**Instructions to follow**
The line containing "A Don Quijote" marks the start; please restate exactly that line and only the lines following it through the end of the material below.

== Supplied records

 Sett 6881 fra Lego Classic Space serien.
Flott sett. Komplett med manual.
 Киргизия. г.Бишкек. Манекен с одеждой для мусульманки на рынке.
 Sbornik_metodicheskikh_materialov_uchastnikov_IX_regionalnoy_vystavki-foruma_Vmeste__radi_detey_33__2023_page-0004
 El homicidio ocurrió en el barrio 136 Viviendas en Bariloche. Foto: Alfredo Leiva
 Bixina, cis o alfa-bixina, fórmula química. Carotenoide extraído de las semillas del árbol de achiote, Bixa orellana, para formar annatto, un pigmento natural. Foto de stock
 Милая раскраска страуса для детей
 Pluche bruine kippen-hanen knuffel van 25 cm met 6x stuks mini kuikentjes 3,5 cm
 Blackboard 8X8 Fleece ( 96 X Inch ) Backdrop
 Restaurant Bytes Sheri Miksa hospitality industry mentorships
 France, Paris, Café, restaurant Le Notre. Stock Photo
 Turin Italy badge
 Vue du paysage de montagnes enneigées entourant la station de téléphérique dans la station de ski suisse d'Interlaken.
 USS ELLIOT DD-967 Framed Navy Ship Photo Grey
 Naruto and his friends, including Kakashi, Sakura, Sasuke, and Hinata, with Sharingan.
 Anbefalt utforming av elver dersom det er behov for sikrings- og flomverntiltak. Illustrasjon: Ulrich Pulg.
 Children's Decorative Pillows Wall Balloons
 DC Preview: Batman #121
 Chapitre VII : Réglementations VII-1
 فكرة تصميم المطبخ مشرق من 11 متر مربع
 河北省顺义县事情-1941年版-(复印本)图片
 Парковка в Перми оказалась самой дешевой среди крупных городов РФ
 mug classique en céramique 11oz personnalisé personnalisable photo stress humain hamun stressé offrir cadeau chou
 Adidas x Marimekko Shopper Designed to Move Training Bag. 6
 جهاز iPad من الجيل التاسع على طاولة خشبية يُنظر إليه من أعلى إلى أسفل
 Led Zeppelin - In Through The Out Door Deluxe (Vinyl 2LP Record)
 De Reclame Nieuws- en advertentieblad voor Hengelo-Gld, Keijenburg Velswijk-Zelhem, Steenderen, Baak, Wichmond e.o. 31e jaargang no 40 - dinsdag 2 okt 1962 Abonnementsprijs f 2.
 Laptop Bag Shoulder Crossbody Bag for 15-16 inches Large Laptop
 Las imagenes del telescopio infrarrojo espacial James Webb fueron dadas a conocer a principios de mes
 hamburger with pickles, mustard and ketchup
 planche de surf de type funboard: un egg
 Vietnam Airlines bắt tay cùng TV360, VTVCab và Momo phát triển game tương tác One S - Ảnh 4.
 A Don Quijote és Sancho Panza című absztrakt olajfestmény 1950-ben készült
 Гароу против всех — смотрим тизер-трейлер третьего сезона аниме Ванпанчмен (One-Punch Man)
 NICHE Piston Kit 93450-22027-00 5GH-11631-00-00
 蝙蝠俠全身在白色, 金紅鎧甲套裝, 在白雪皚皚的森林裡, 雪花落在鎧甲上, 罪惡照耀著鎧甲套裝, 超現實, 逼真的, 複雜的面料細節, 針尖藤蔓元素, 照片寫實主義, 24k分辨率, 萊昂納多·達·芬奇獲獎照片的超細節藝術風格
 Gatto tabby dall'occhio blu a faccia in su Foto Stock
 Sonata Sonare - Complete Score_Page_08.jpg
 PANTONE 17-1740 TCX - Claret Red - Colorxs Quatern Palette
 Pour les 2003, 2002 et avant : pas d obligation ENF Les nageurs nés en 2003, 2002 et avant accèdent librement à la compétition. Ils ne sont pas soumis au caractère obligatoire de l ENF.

====

**The completed task**
 A Don Quijote és Sancho Panza című absztrakt olajfestmény 1950-ben készült
 Гароу против всех — смотрим тизер-трейлер третьего сезона аниме Ванпанчмен (One-Punch Man)
 NICHE Piston Kit 93450-22027-00 5GH-11631-00-00
 蝙蝠俠全身在白色, 金紅鎧甲套裝, 在白雪皚皚的森林裡, 雪花落在鎧甲上, 罪惡照耀著鎧甲套裝, 超現實, 逼真的, 複雜的面料細節, 針尖藤蔓元素, 照片寫實主義, 24k分辨率, 萊昂納多·達·芬奇獲獎照片的超細節藝術風格
 Gatto tabby dall'occhio blu a faccia in su Foto Stock
 Sonata Sonare - Complete Score_Page_08.jpg
 PANTONE 17-1740 TCX - Claret Red - Colorxs Quatern Palette
 Pour les 2003, 2002 et avant : pas d obligation ENF Les nageurs nés en 2003, 2002 et avant accèdent librement à la compétition. Ils ne sont pas soumis au caractère obligatoire de l ENF.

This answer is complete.